There is data to suggest that the customer funds sent to Genesis Block were processed and received by Alameda, according to emerging reports from Mike Burgersburg of Dirty Bubble Media. Burgersburg recently provided critical insights into the space, such as the flawed tokenomics of FTX’s FTT token ahead of CZ’s decision to sell its tokens.
SCOOP: BLOCKCHAIN EVIDENCE SUGGESTS GENESIS BLOCK WAS A FRONT FOR ALAMEDA RESEARCH.
Customer transfers to Genesis Block were sent directly to Alameda’s addresses. What kind of hedge fund was this?
Summary 👇 (1/)https://t.co/nVTmmCWnEy
— DIRTY BUBBLE MEDIA: LAUNDROMAT (@MikeBurgersburg) December 9, 2022
“In other words, Genesis Block became little more than a customer-facing nameplate behind which Alameda conducted business,” Dirty Bubble Media stated.
A former Genesis Block customer recently shared with Dirty Bubble Media more than two dozen transactions he had with Genesis Block. As reported, over the past two years, the customer has sold Ether, Tether stablecoins (USDT), and Circle stablecoins (USDC) to Genesis Block, which has wired the funds to their bank account.
Upon checking the addresses after Genesis collapsed, the customer discovered that every transfer went to two wallets belonging to Alameda Research, named Alameda 14 and Alameda 27.
Alameda initially funded the upstream wallets to cover transactional costs in every case. According to the study, however, from April 2021 to November 2022, Alameda 27 processed over $13 billion in transfers, mostly USDT, USDC, and Ether.
In contrast, Alameda 14 has transferred over $11 billion since its creation in 2018.
It is not certain how many of these transfers are related to Genesis Block, but several wallets follow the same pattern as the earlier source reported.
Further, as the data only includes Ethereum transfers and Genesis Block’s business is primarily related to exchanging Bitcoin for cash, the total volume of this business may have been higher than reported. Bubble Media reported
“Our findings suggest Alameda wasn’t just a hedge fund. It was acting as an OTC and payment processor for individuals in Hong Kong exchanging cash for cryptocurrency,”
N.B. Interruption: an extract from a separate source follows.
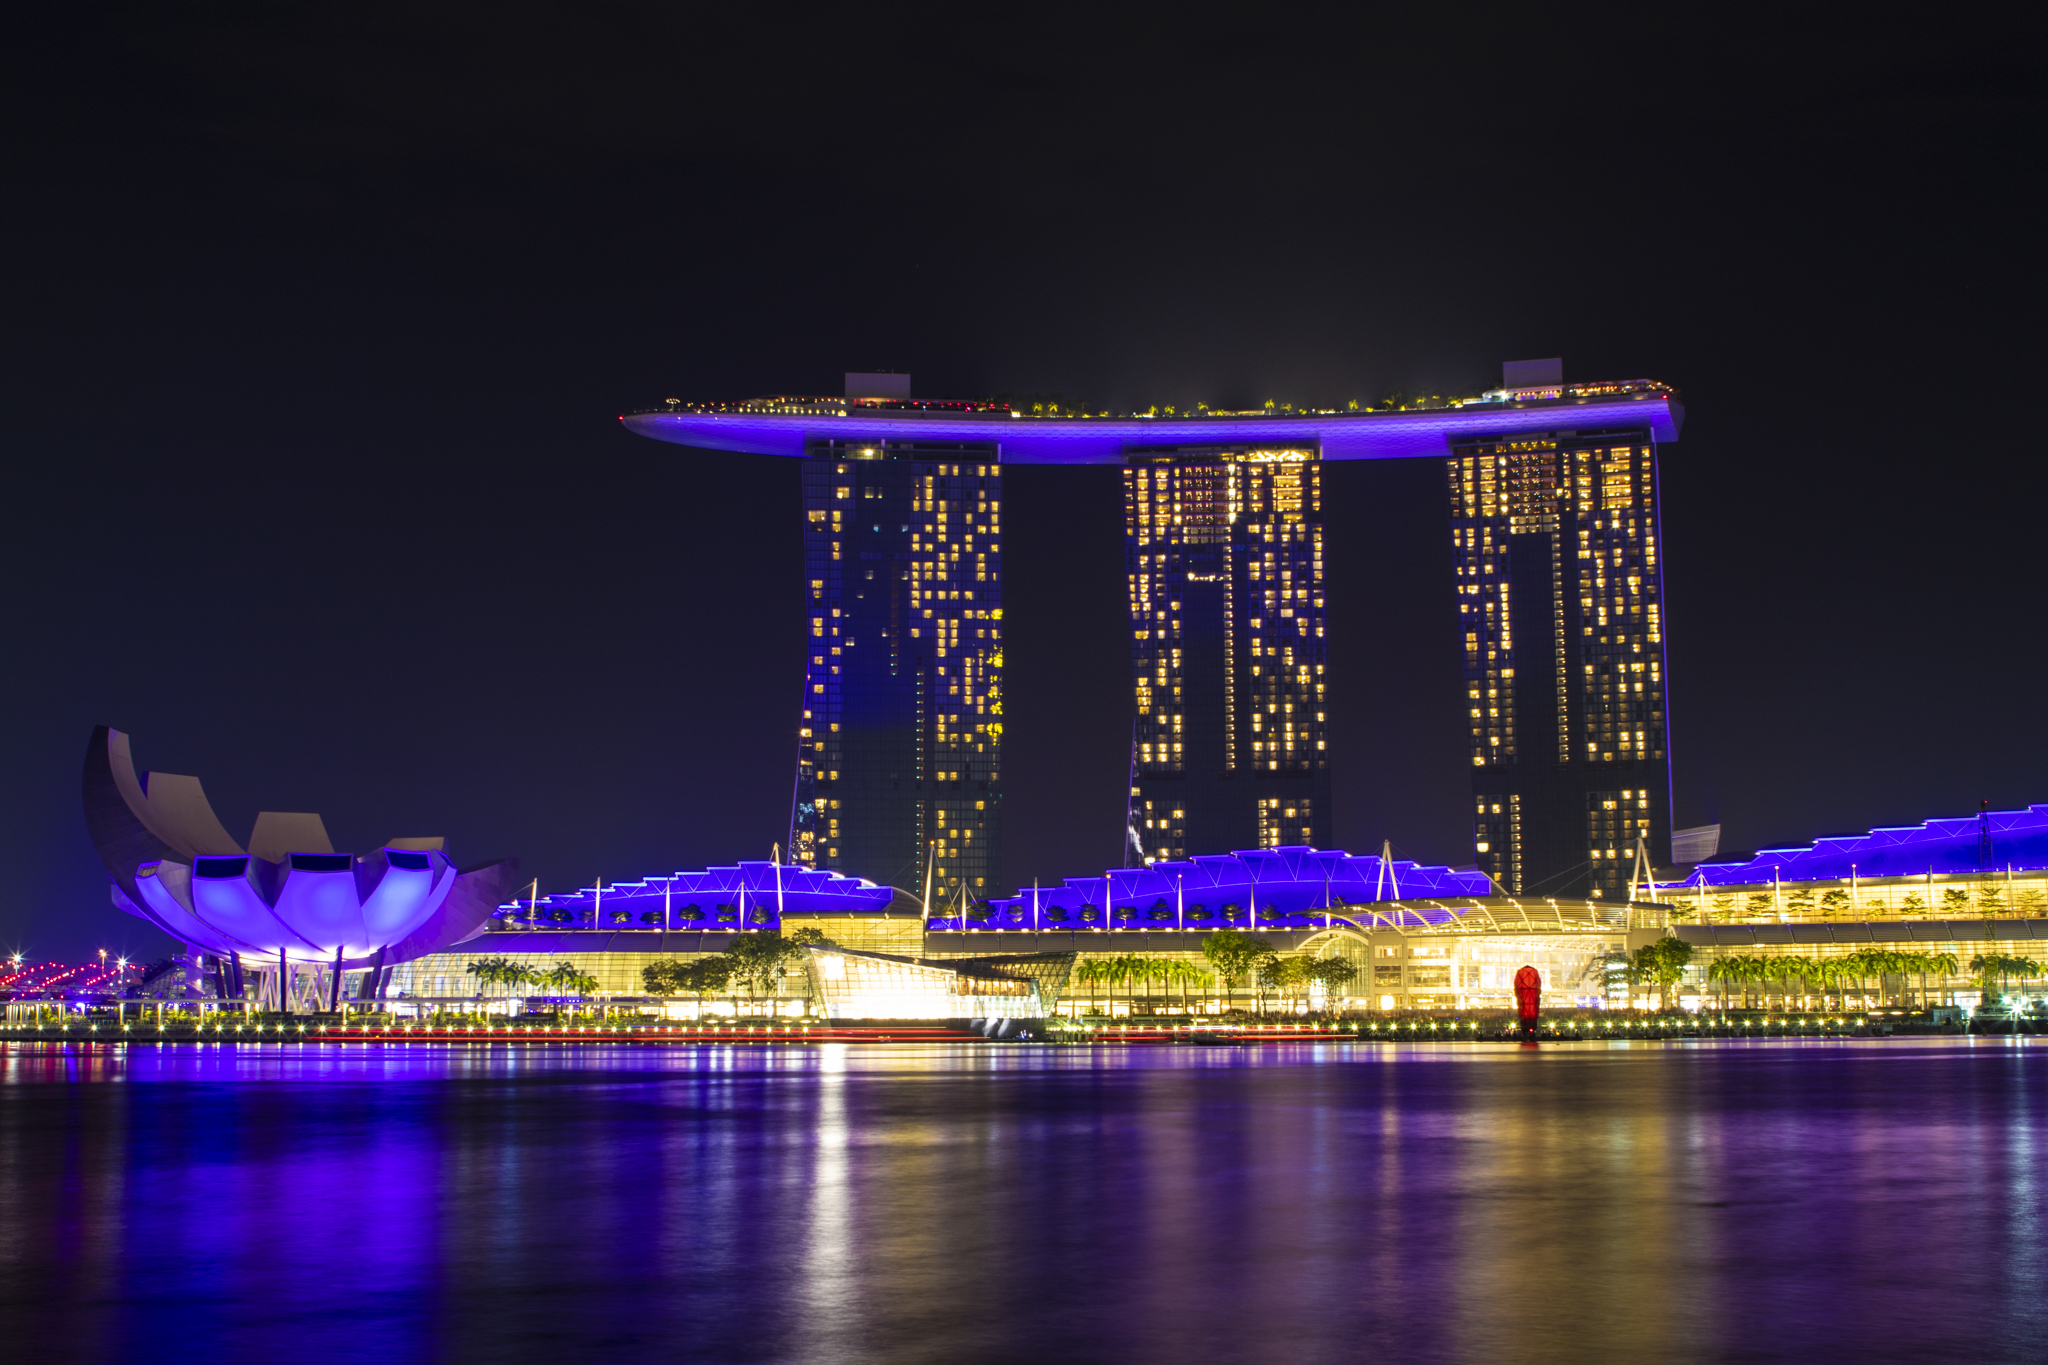 Marina Bay sands by night-Marina Bay-Singapore

Close Ties Between Alameda, Genesis Block and FTX
Genesis Block and Alameda started trading the “Kimchi Premium” in 2017 and attributed their initial success to trading it, as reported by Financial Times. Kimchi Premium was a scheme that capitalized on the price difference between Bitcoins in Japan, Korea, and the rest of the world. As a shareholder in Genesis Block, Alameda also shared office space and leadership with the company.
Further, Genesis Block and FTX had deep connections as well. A source familiar with the matter said Genesis Block took FTT tokens from FTX as part of its equity payment.
However, Genesis Block announced the closure of its trading portal and stopped accepting deposits last month, days after Bankman-Fried’s $32 billion FTX company declared bankruptcy.